* _YOUR ASSIGNMENT_:
Please repeat the data exactly. Any picture in it stays out.
DATA EXTRACT below:
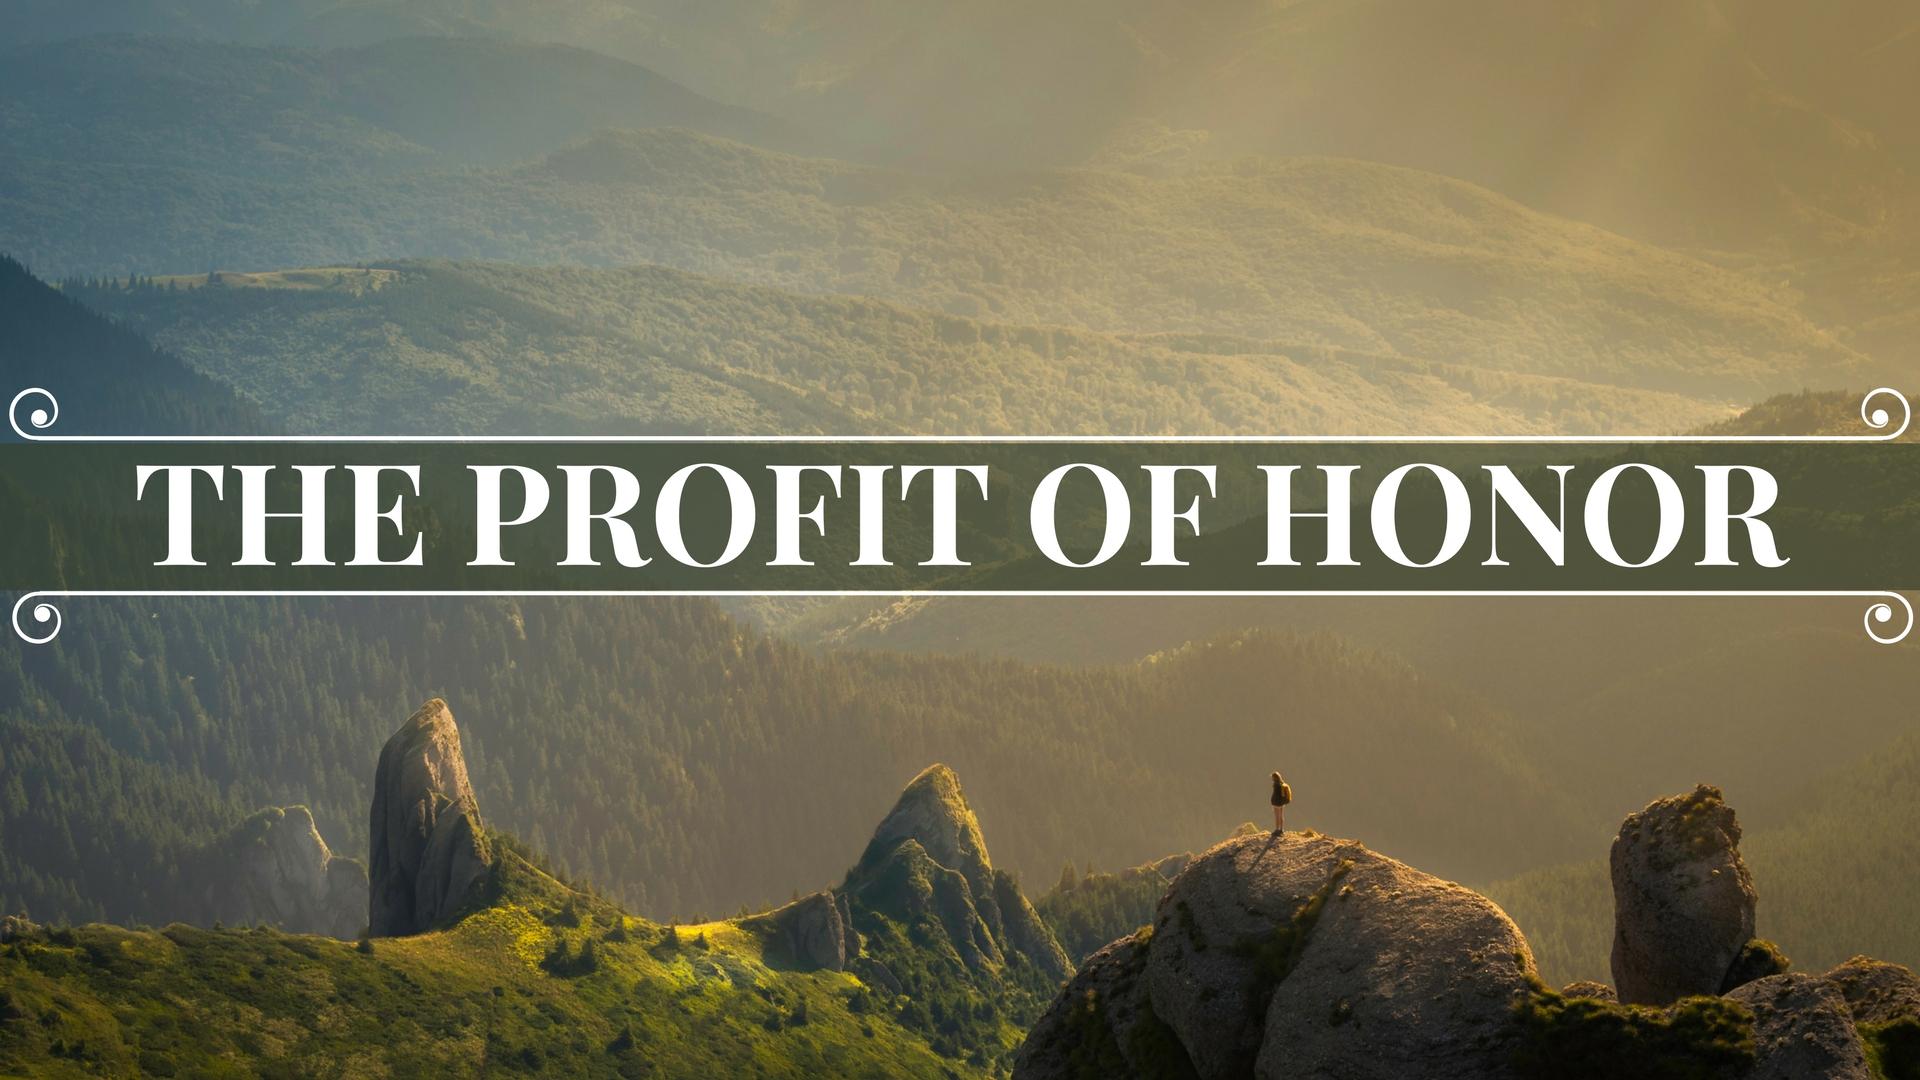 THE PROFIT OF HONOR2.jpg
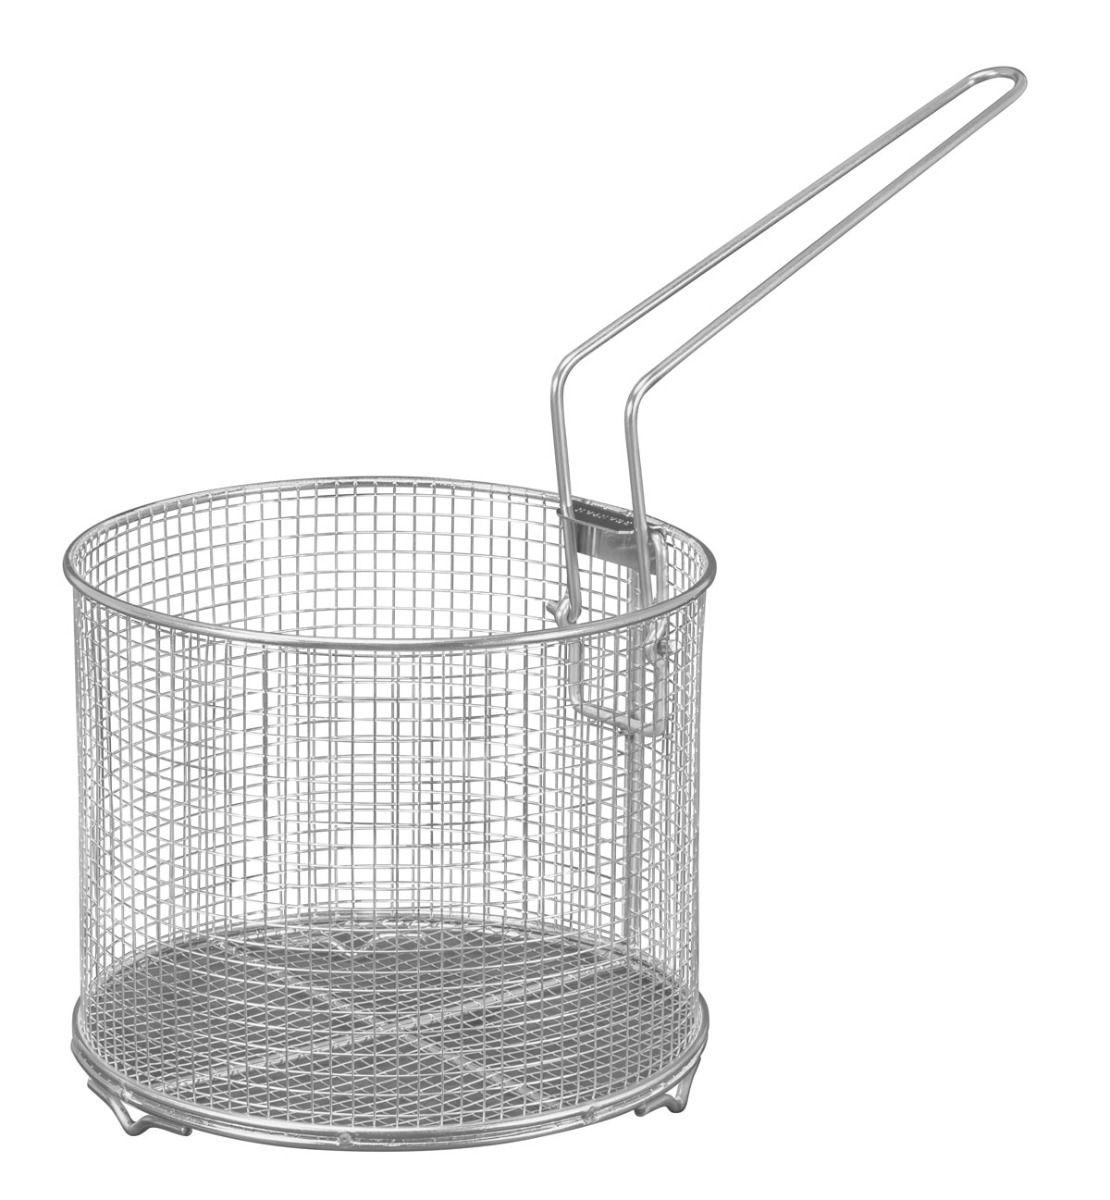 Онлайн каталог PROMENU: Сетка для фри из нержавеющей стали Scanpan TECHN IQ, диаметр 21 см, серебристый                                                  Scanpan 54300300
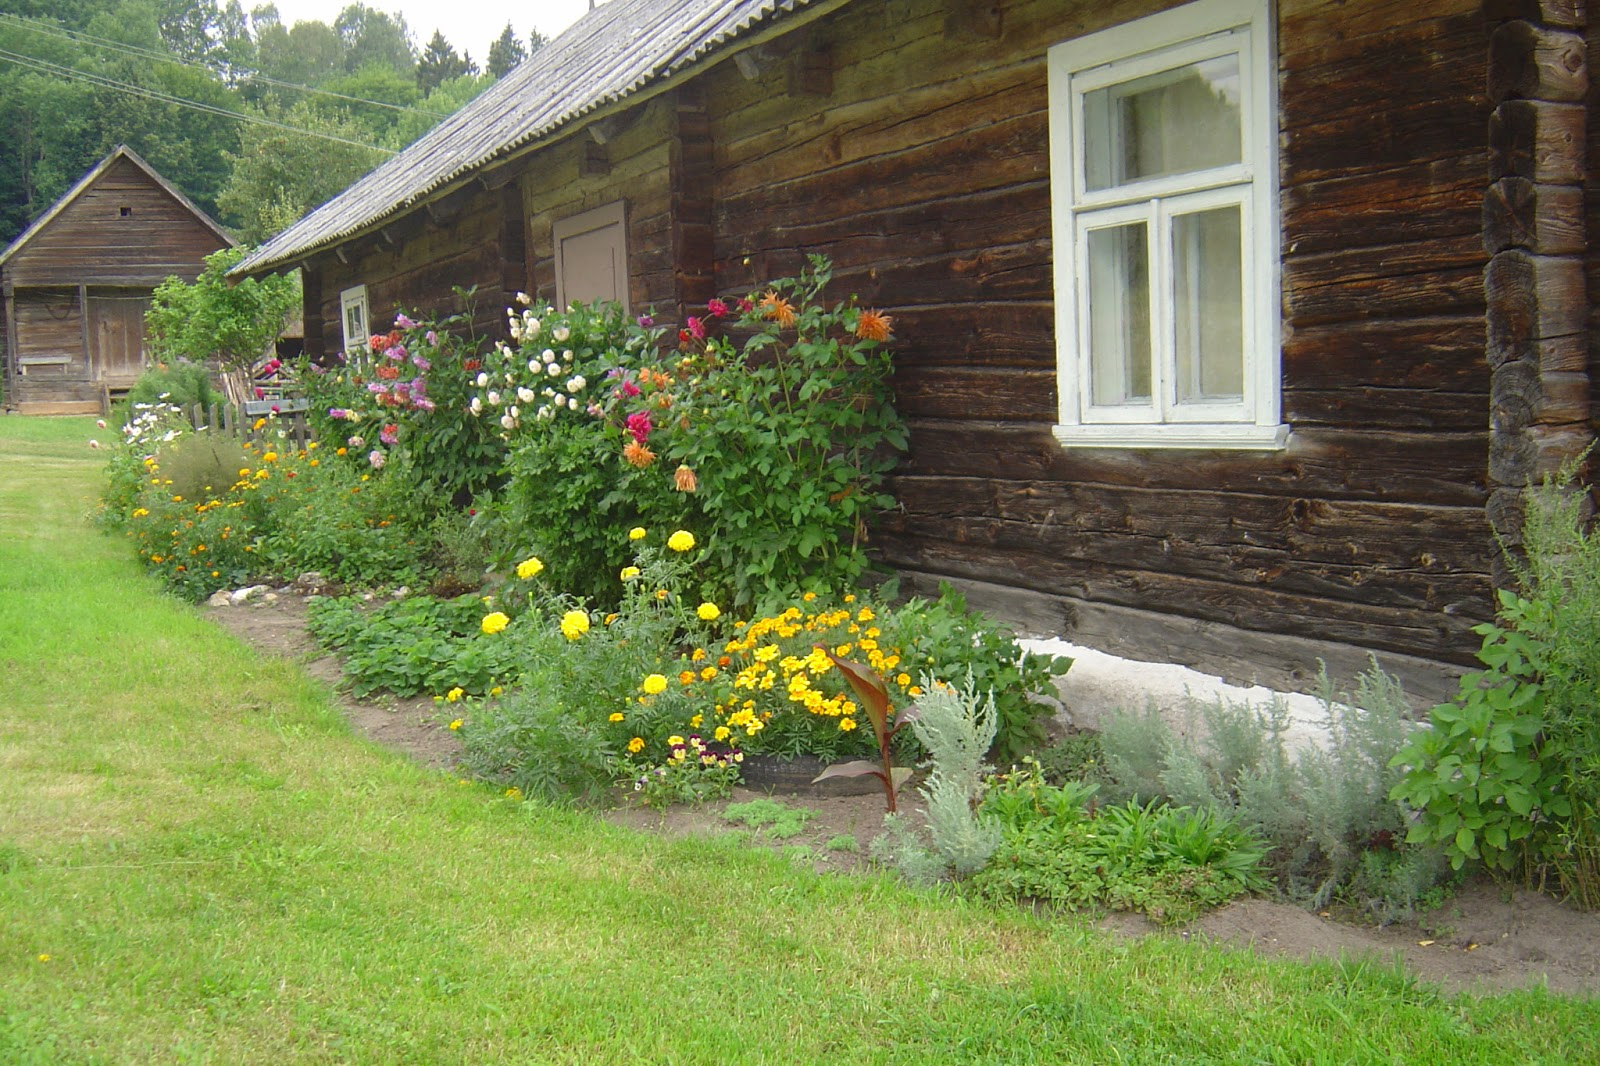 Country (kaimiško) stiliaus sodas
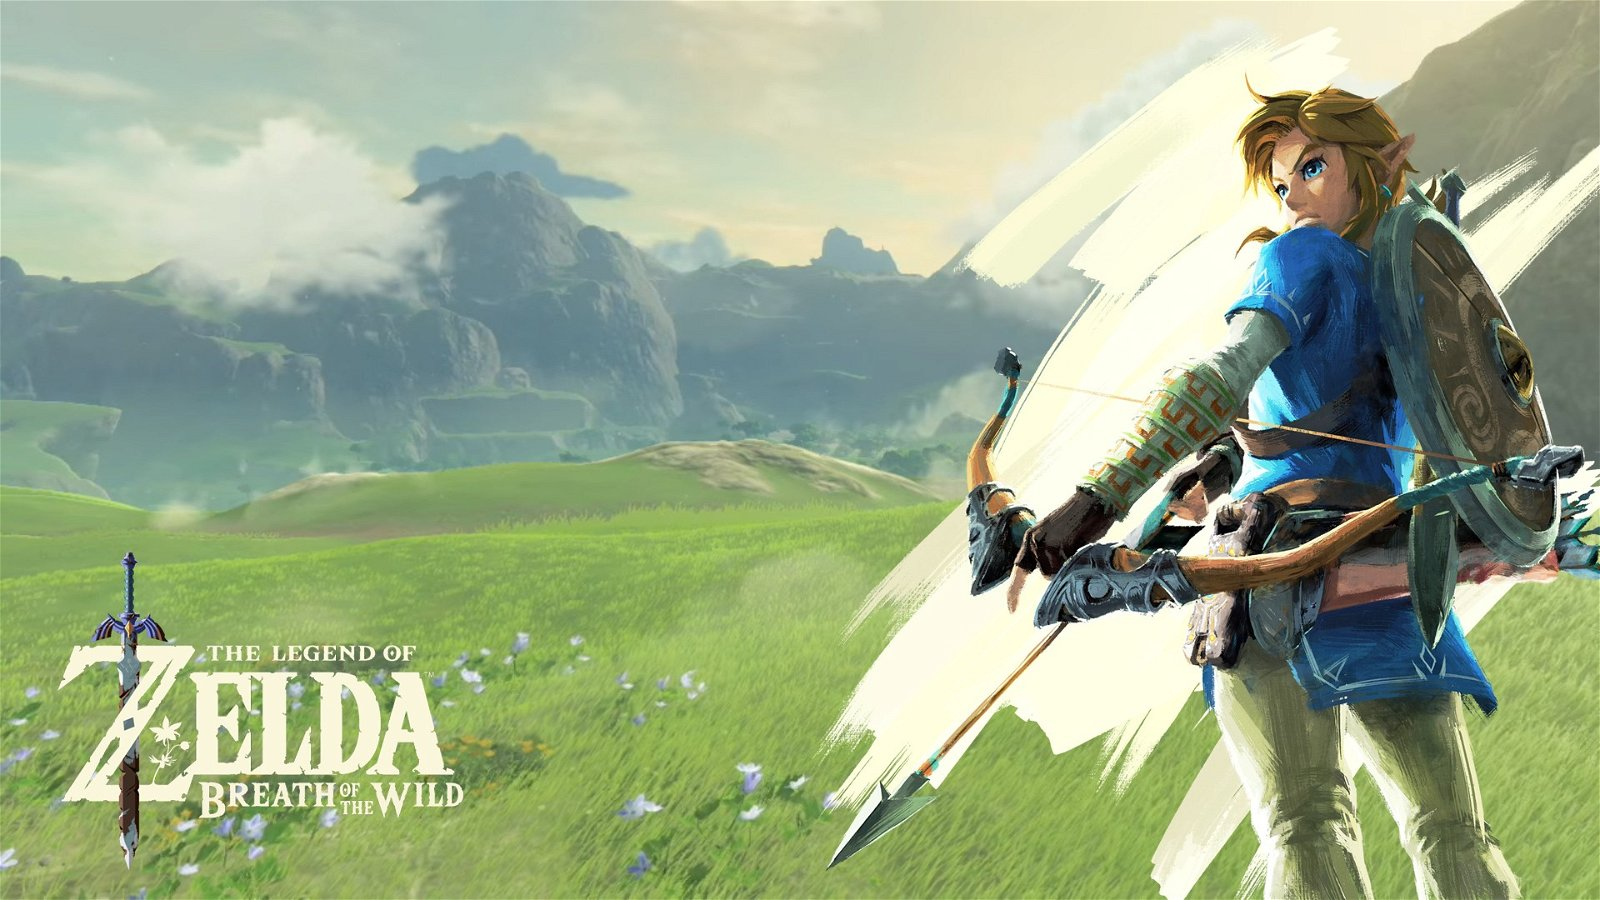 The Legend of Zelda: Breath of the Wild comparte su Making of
End of DATA EXTRACT.
* _TASK RESULT_:
 THE PROFIT OF HONOR2.jpg
 Онлайн каталог PROMENU: Сетка для фри из нержавеющей стали Scanpan TECHN IQ, диаметр 21 см, серебристый                                                  Scanpan 54300300
 Country (kaimiško) stiliaus sodas
 The Legend of Zelda: Breath of the Wild comparte su Making of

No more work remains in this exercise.